28.04.95 - Il y avait un professionnel du jugement, genre Jean-Pierre Lacoste, qui faisait la fine bouche à la fin du spectacle de Didier Guyon : LES BÉBÉS. Il était bien le seul, car moi, j’étais ravi et content de l’être, car cela me prouvait que j’avais su rester frais, tout comme d’ailleurs les six cents spectateurs de la PASSERELLE de Saint-Brieuc, qui ont fait un triomphe à cette charmante création de Fiat Lux. Bien entendu, les bébés sont joués par des adultes, deux garçons et quatre filles, qui ont suivi des cours de petite enfance pour nous montrer physiquement, gestuellement, l’évolution, après qu’une petite étoile tombée du firmament leur ait apporté le don de la vie, du nourrisson depuis l’instant où, irrémédiablement couché, il agite frénétiquement ses jambes, jusqu’à celui où, bien campé sur ses deux pieds, il accumule les conneries, en passant par tous les stades du progrès évolutif.
Très bien signifiées sont les montagnes d’embûches que surmontent ces petits êtres au fur et à mesure de leur ascension. Se retourner d’abord, puis s’asseoir, puis faire les premiers pas incertains et bientôt plus affermis sur des jambes arquées qu’accentuent les grosses couches qui engoncent et encombrent, la curiosité de la découverte des sexes différents, la violence destructrice qui pourrait aller jusqu’au meurtre. C’est un monde où les adultes ne sont présents que par auto affrontements lointains, soit qu’on ne les voie qu’en ombres chinoises gigantesques, soit qu’ils s’engueulent face au public, rideau fermé sur l’univers des gamins.
Didier Guyon a tiré ce petit chef-d’œuvre de ses observations personnelles. Il l’a fait avec sensibilité et tendresse, aidé, il faut le souligner, par une troupe qui y va franco et par une partition musicale, mi-en direct avec un accordéoniste et souffleur dans des instruments à vent, mi-sonorisée sur bande.
Alors, me direz-vous, qu’est-ce qui peut bien faire bisquer les grincheux ? Peut-être bien que le parcours soit trop simple, trop logique dans sa continuité chronologique, trop « sans fautes », sans déviations perverses, en somme, trop SAIN. Ils ne se rendent pas compte qu’au travers de l’évidence magnifiquement théâtralisée par l’observateur Guyon, c’est eux-mêmes qui sont, quelque part, interpellés.

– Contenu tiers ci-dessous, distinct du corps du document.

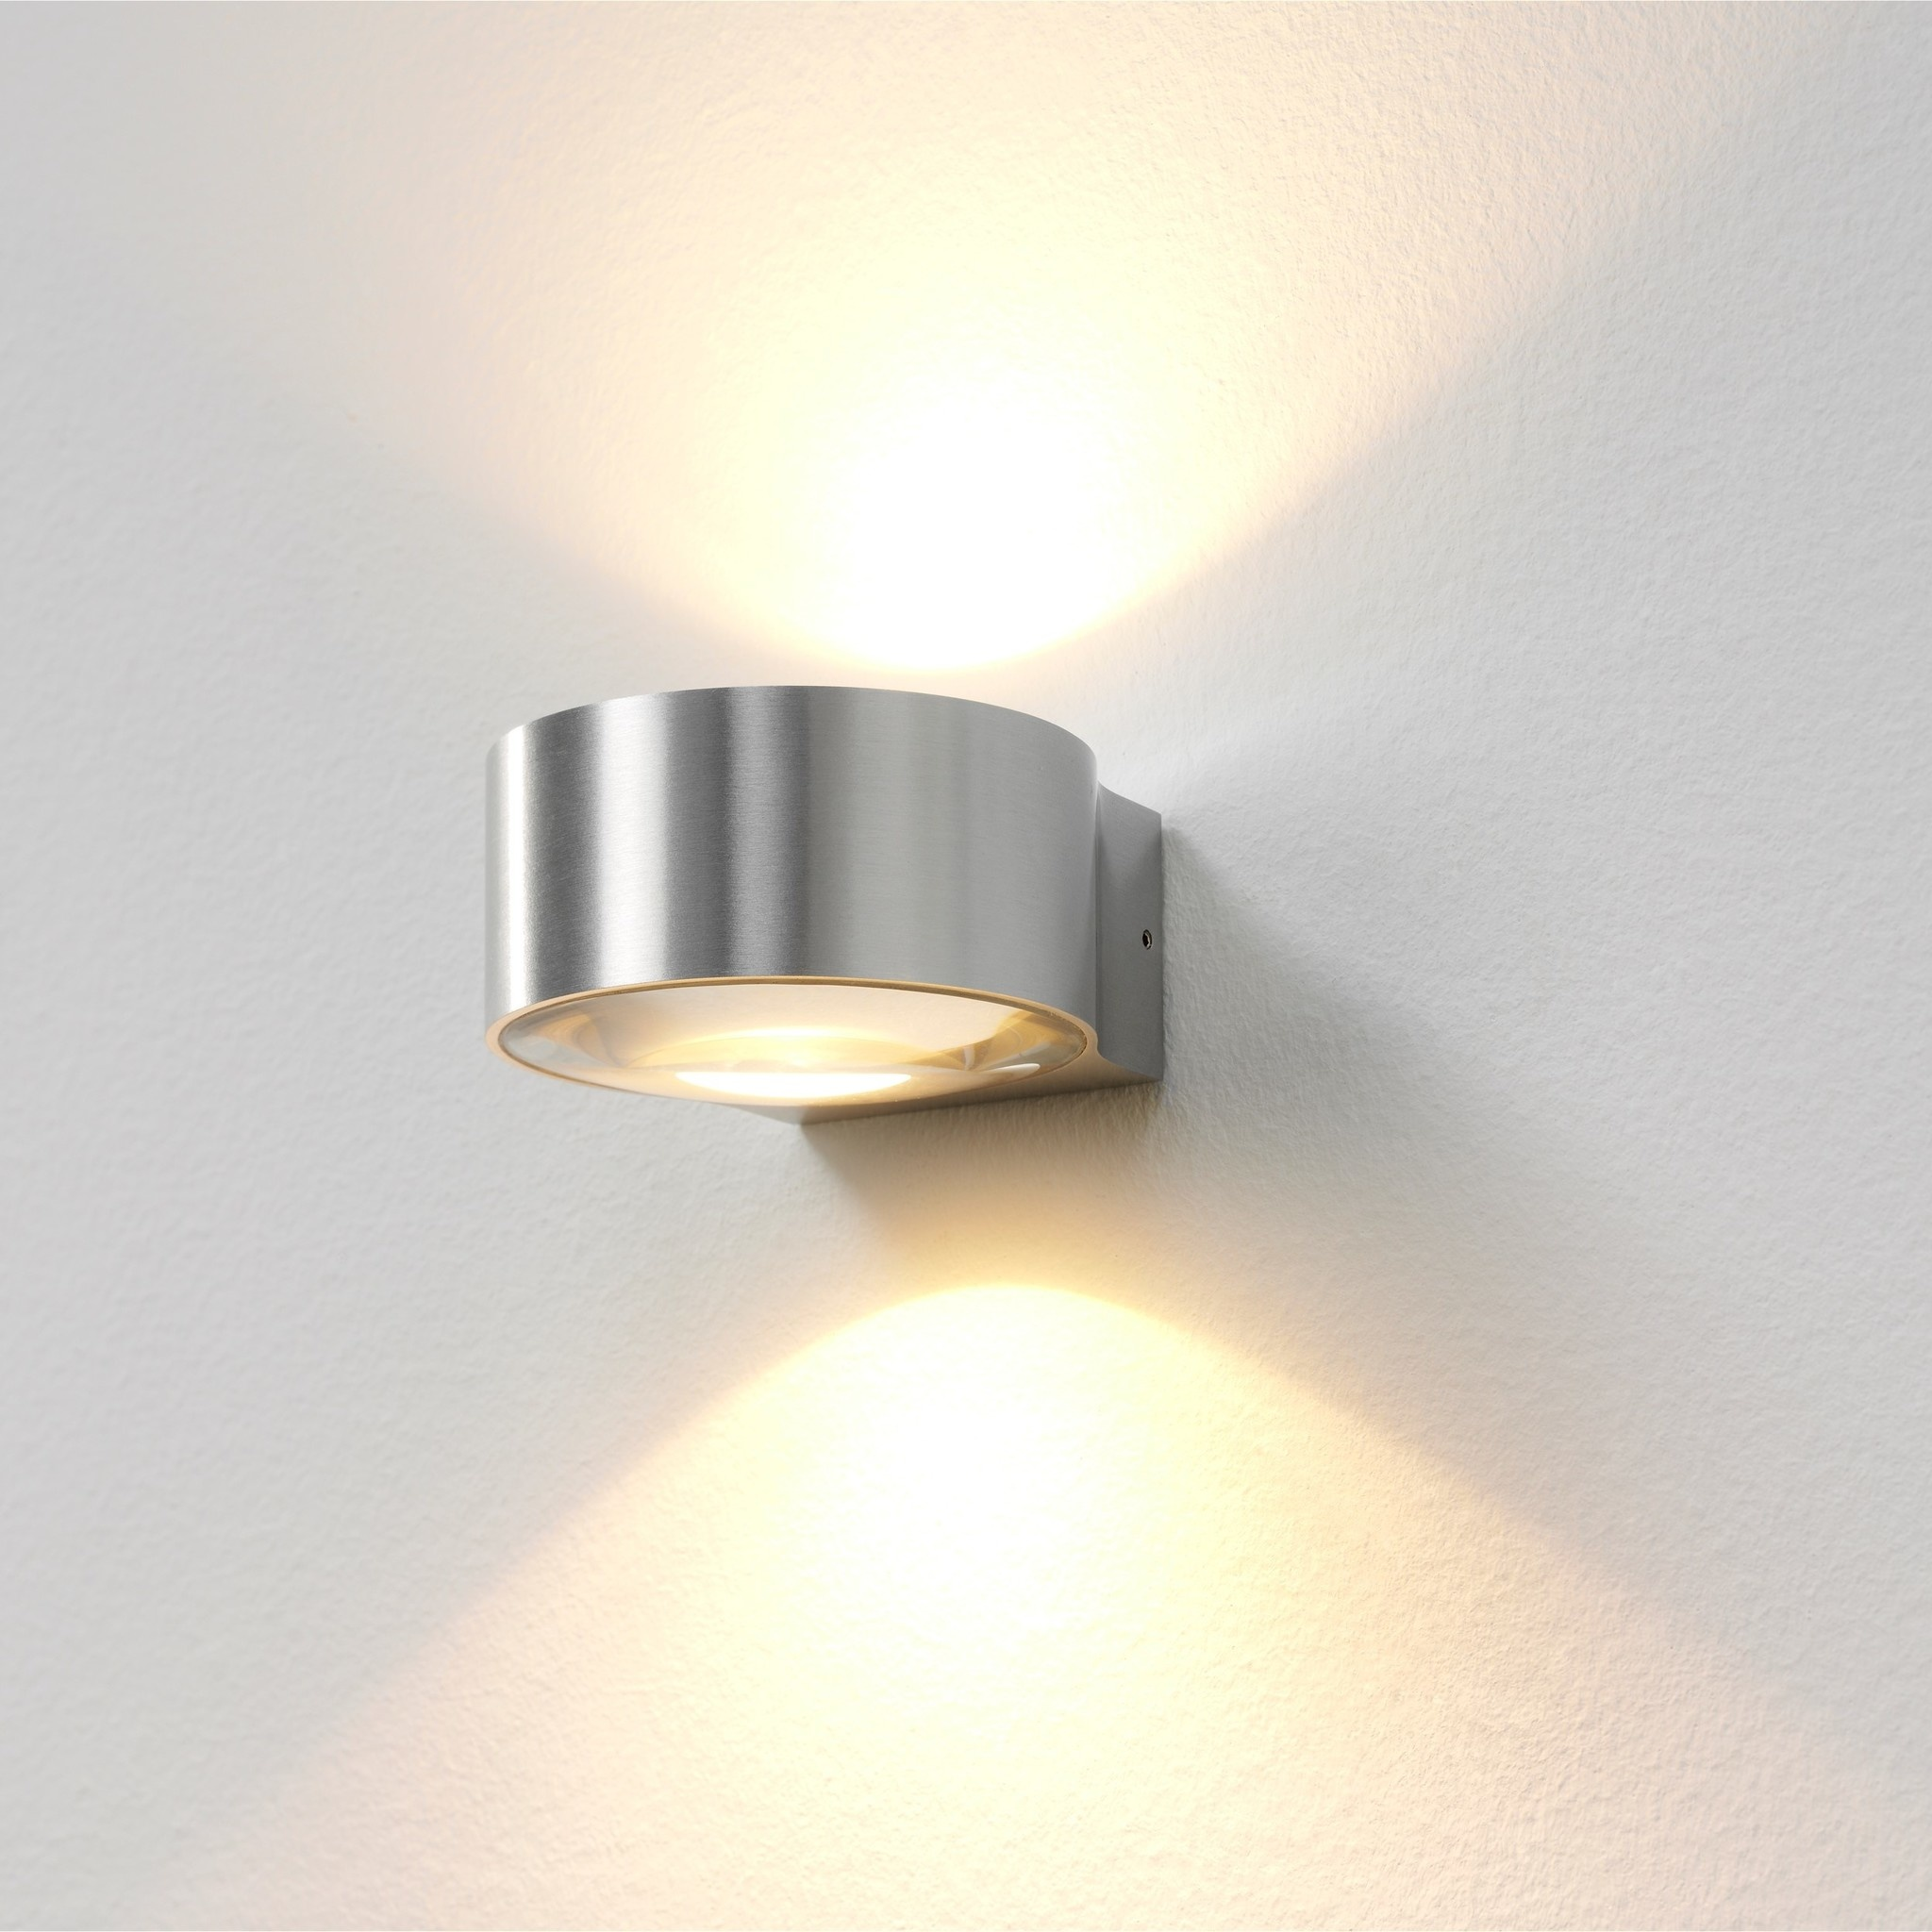 Artdelight Wandlamp Hudson Ø 11 cm aluminium

C’est ce refus du souvenir, de ce qu’ils ne veulent pas se rappeler, qui les dérange.
Conclusion : ceux qui n’aiment pas les BÉBÉS de Fiat Lux doivent d’urgence aller consulter leur psychanalyste. Moi, on pourra tenter de me minimiser le propos en me parlant de premier degré, de superficialité etc… Je dirai : « Creusez… en vous-même ». Et oubliez « GARCON UN KIR », qui était un superbe divertissement, certes, mais seulement un divertissement. LES BÉBÉS sont drôles, nous font beaucoup rire, mais ce qu’ils nous apportent est bien autre chose qu’un divertissement.